DATA SHOWN ▸
════

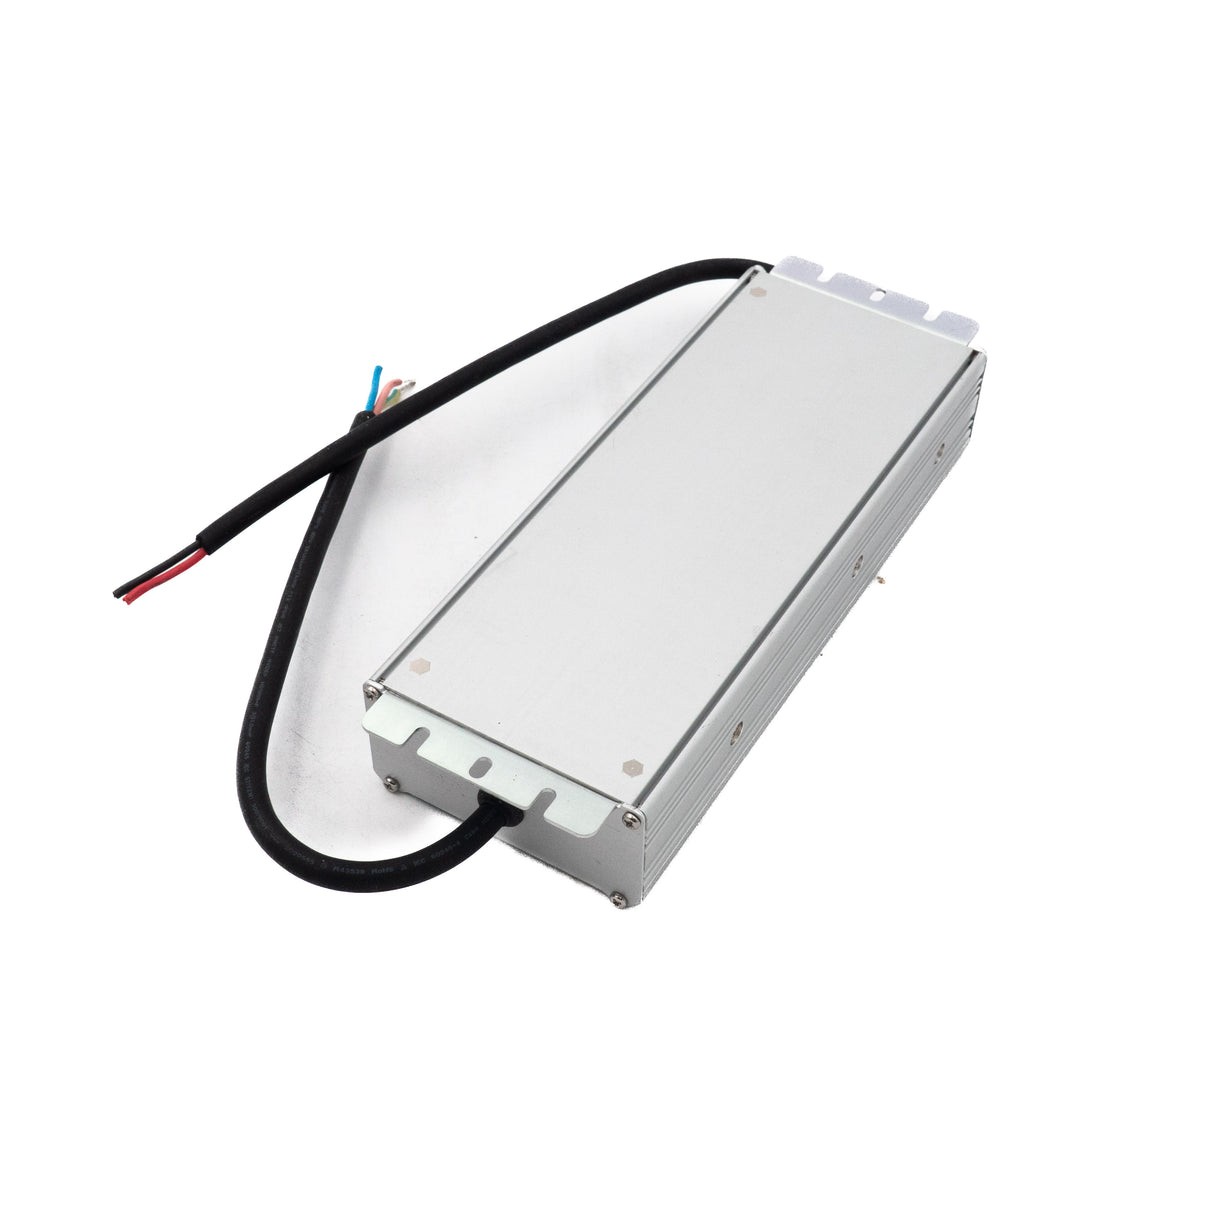 Mean Well HLG-320H-36A Power Supply 320W 36V - Adjustable - PHOTO 3
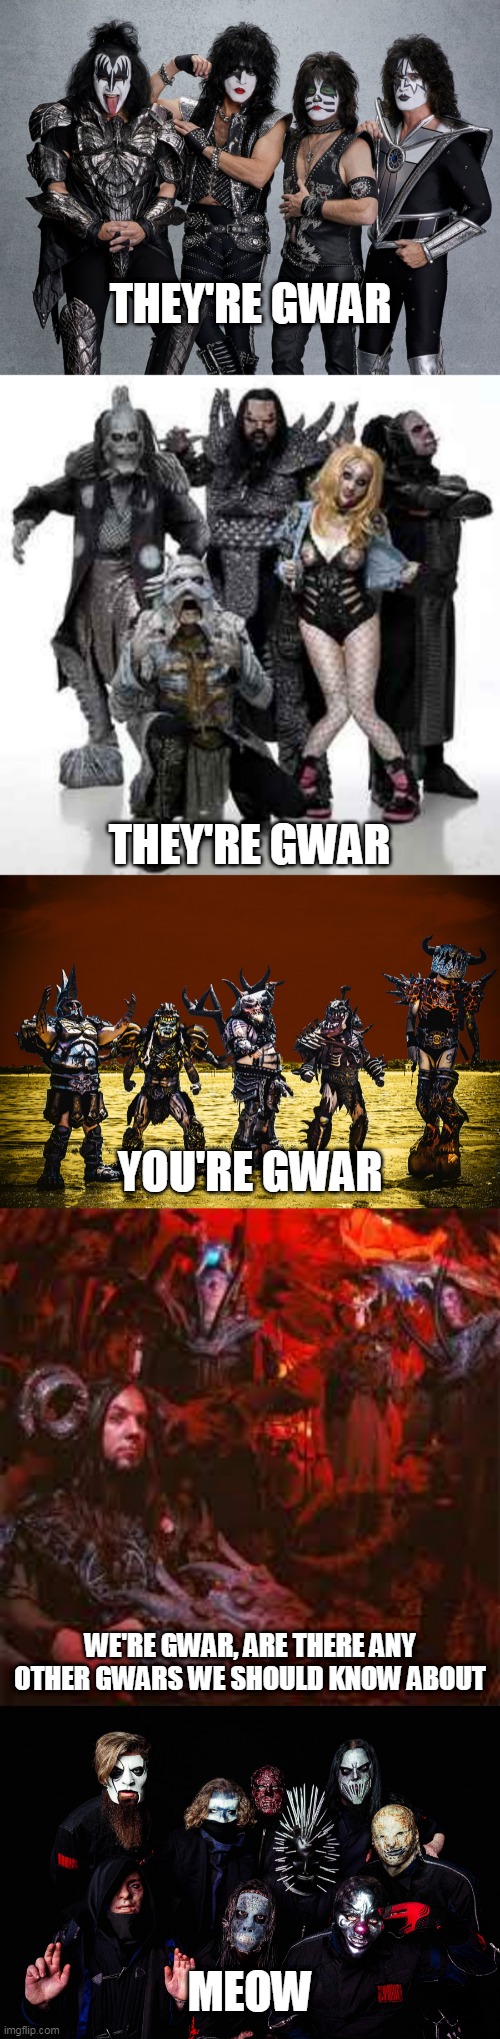 They're GWAR They're GWAR You're GWAR We're GWAR | THEY'RE GWAR; THEY'RE GWAR; YOU'RE GWAR; WE'RE GWAR, ARE THERE ANY OTHER GWARS WE SHOULD KNOW ABOUT; MEOW | image tagged in gwar,kiss,lordi,rosemary's billygoat,slipknot,band | made w/ Imgflip meme maker
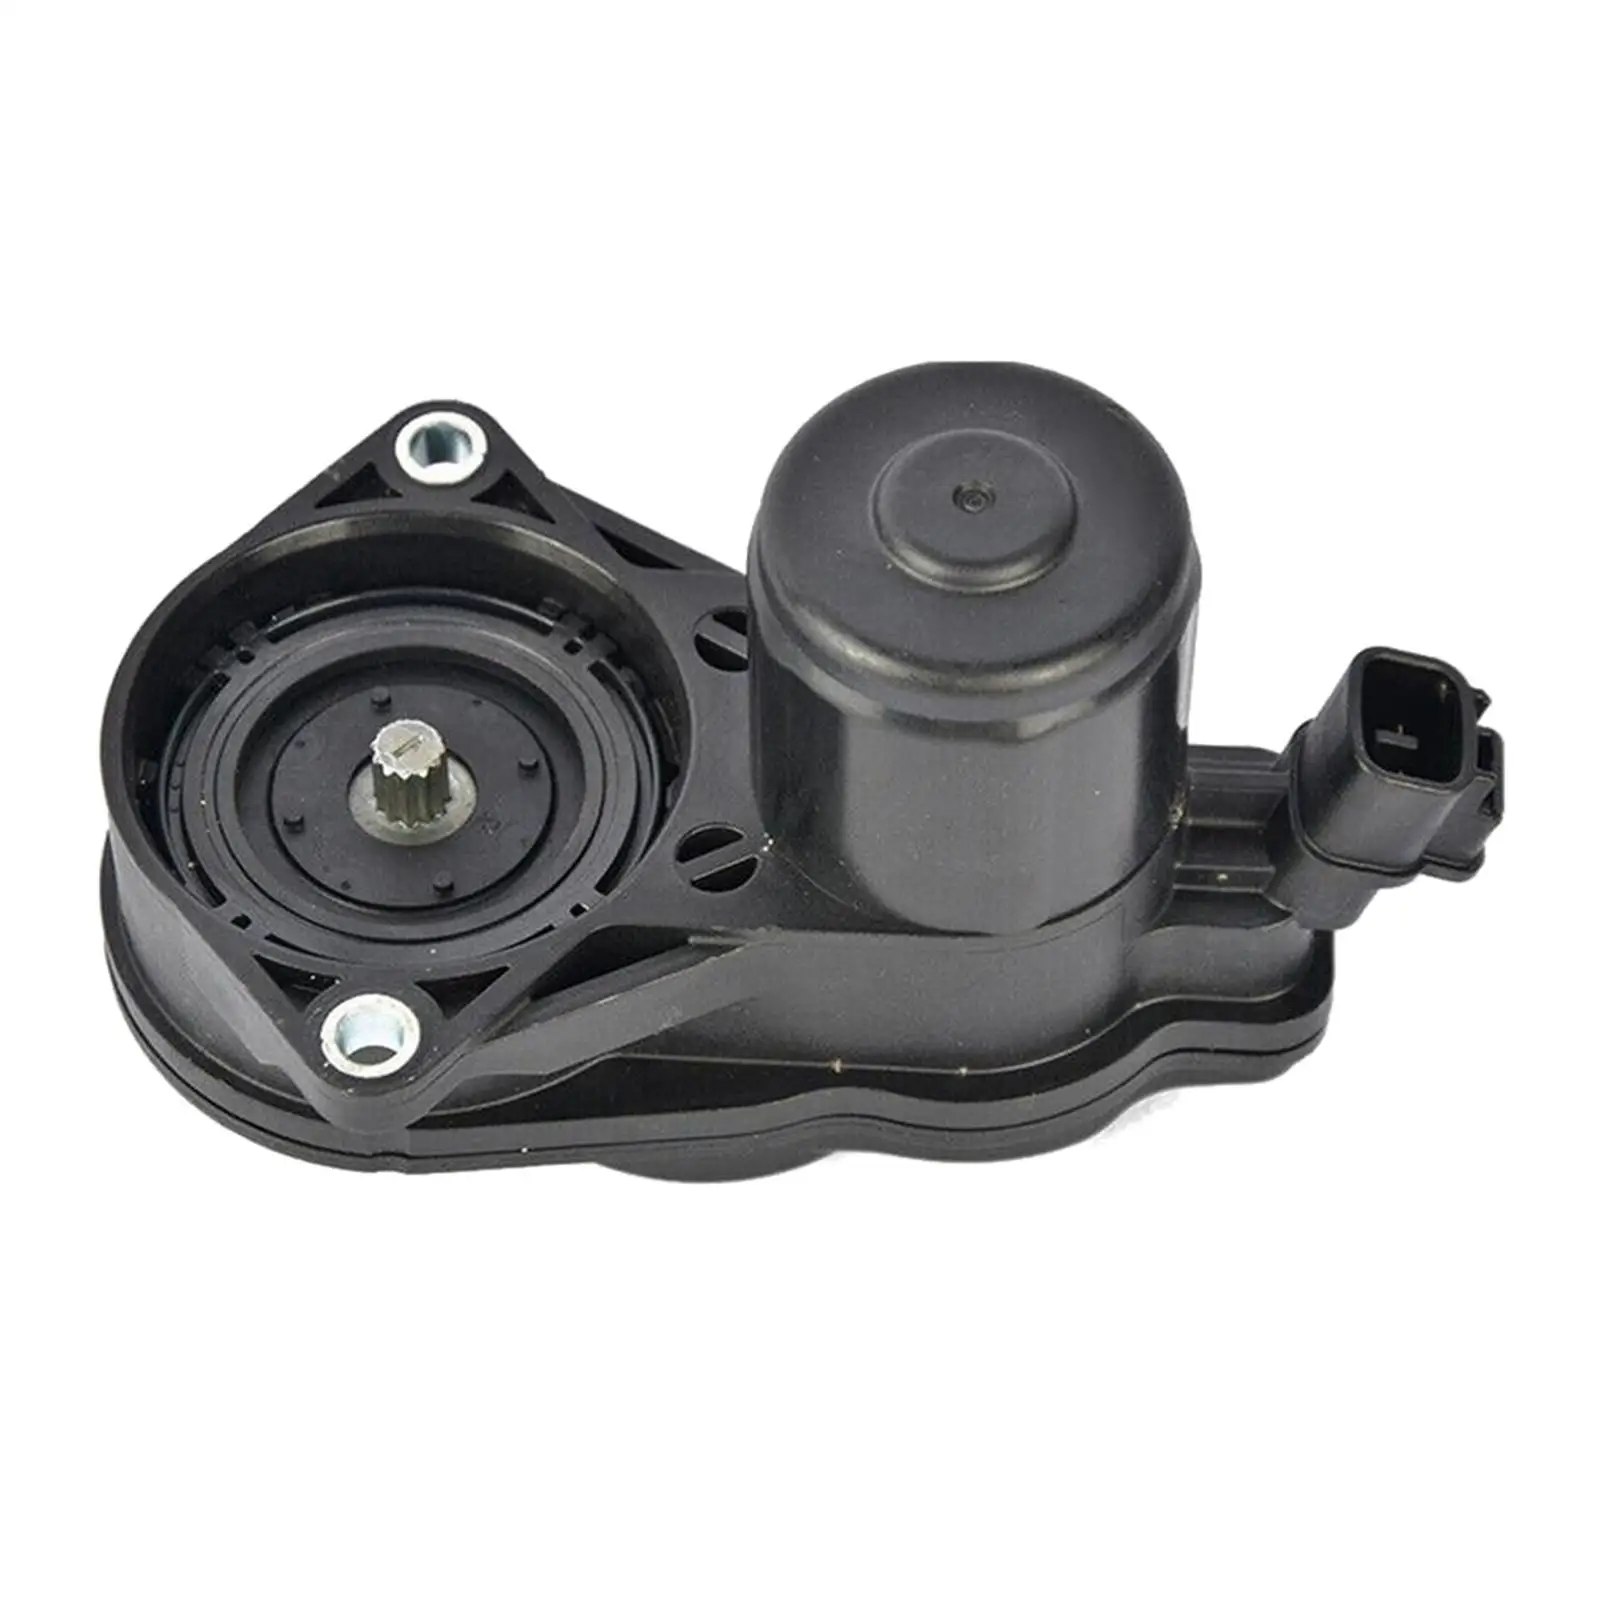 Parking Brake Actuator Replaces Automotive Replacement Part for Toyota Corolla Sedan for camry Venza Corolla Hatchback

════

WORK INSTRUCTIONS ▸ Transcribe all the material exactly; skip every image.

RESULT ▸
 Mean Well HLG-320H-36A Power Supply 320W 36V - Adjustable - PHOTO 3
 They're GWAR They're GWAR You're GWAR We're GWAR | THEY'RE GWAR; THEY'RE GWAR; YOU'RE GWAR; WE'RE GWAR, ARE THERE ANY OTHER GWARS WE SHOULD KNOW ABOUT; MEOW | image tagged in gwar,kiss,lordi,rosemary's billygoat,slipknot,band | made w/ Imgflip meme maker
 Parking Brake Actuator Replaces Automotive Replacement Part for Toyota Corolla Sedan for camry Venza Corolla Hatchback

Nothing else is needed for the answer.